─── Collected material

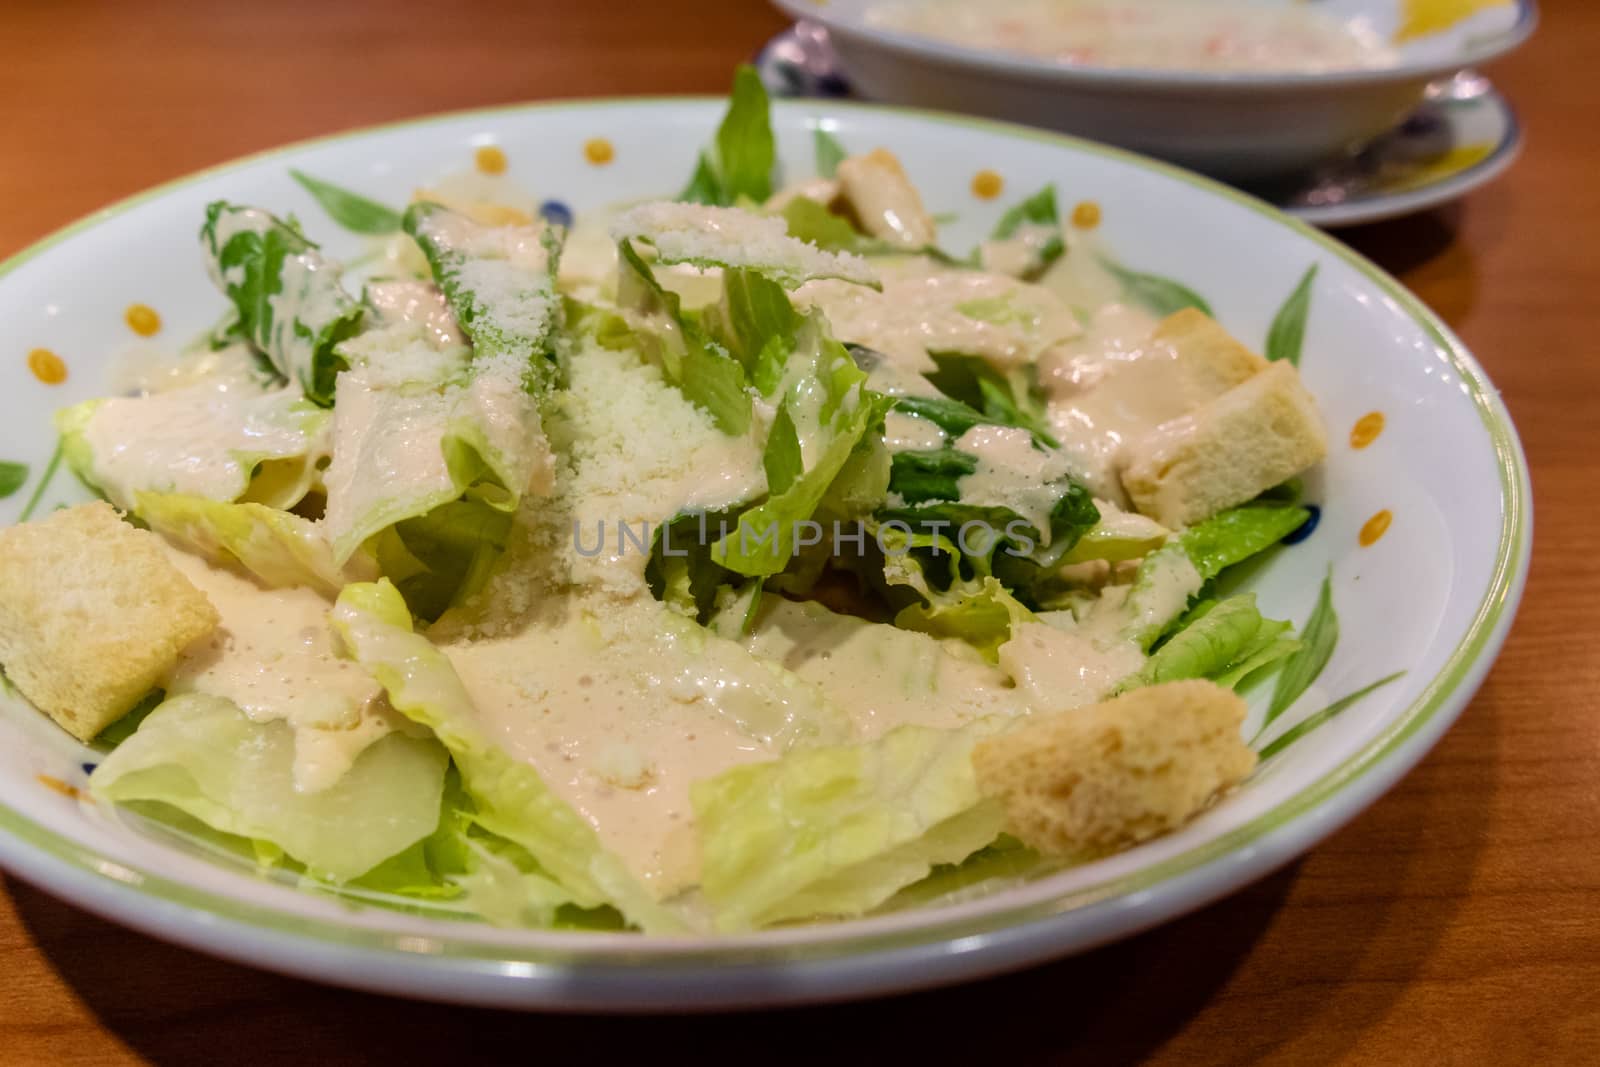 Green leafy salad with croutons in a plate
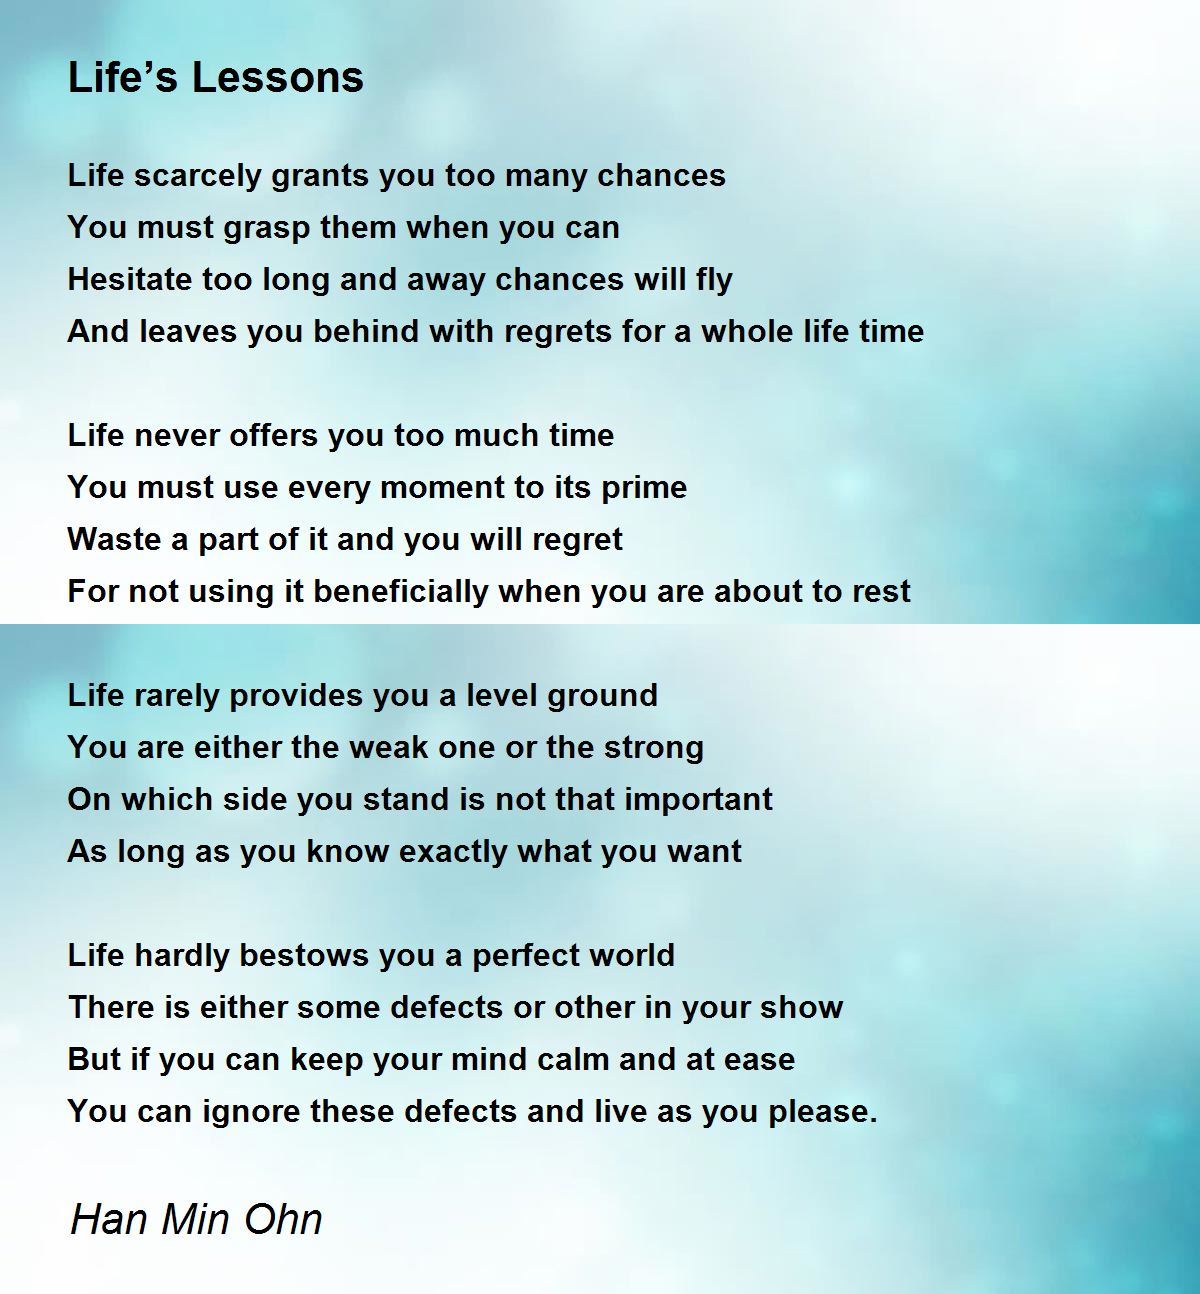 75 Life Lesson Poems - Poems about Learning Lessons from Life
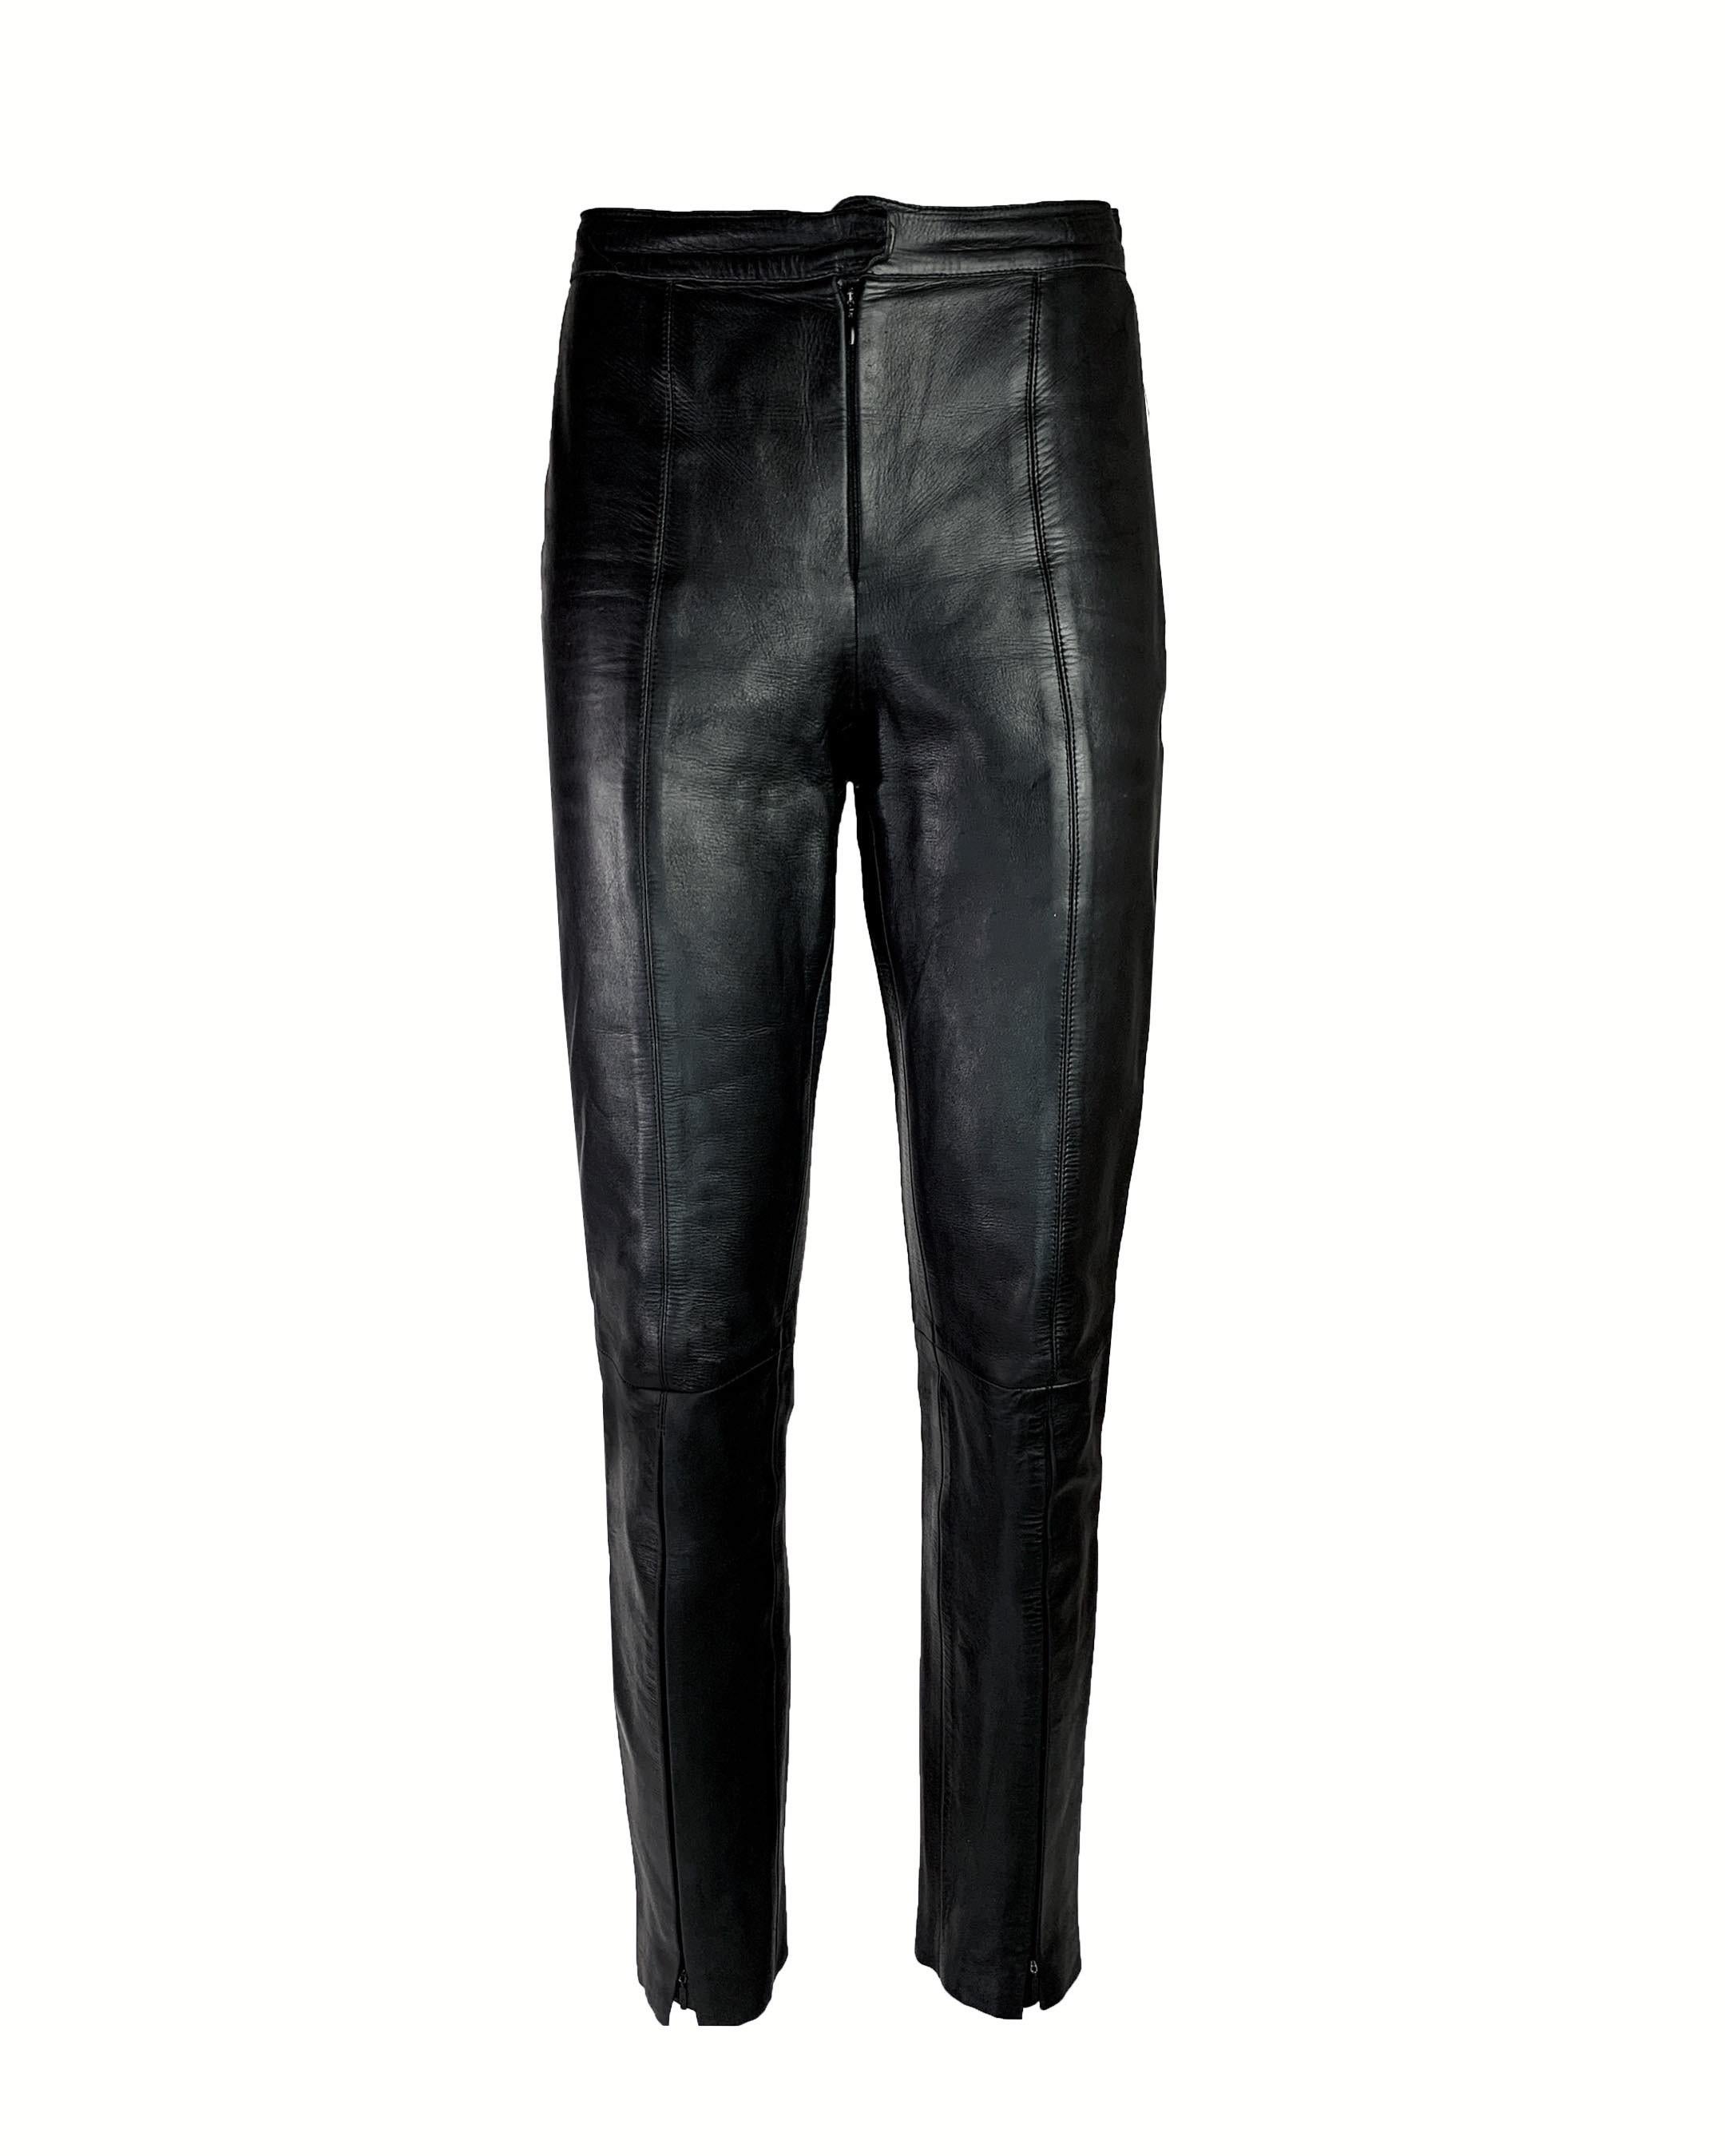 These stunning iconic leather pants were infamously seen on Victoria Beckham when her and David made noise wearing matching Gucci by Tom Ford Leather outfits! 

The pants feature an open-style sexy zipper, also additional zippers on the bottom to

──────

Your goal
All lines from the one containing "75 Life Lesson" to the last line of the data above, both included, should be printed exactly, and the pictures should not appear.

Answer section
 75 Life Lesson Poems - Poems about Learning Lessons from Life
 These stunning iconic leather pants were infamously seen on Victoria Beckham when her and David made noise wearing matching Gucci by Tom Ford Leather outfits! 

The pants feature an open-style sexy zipper, also additional zippers on the bottom to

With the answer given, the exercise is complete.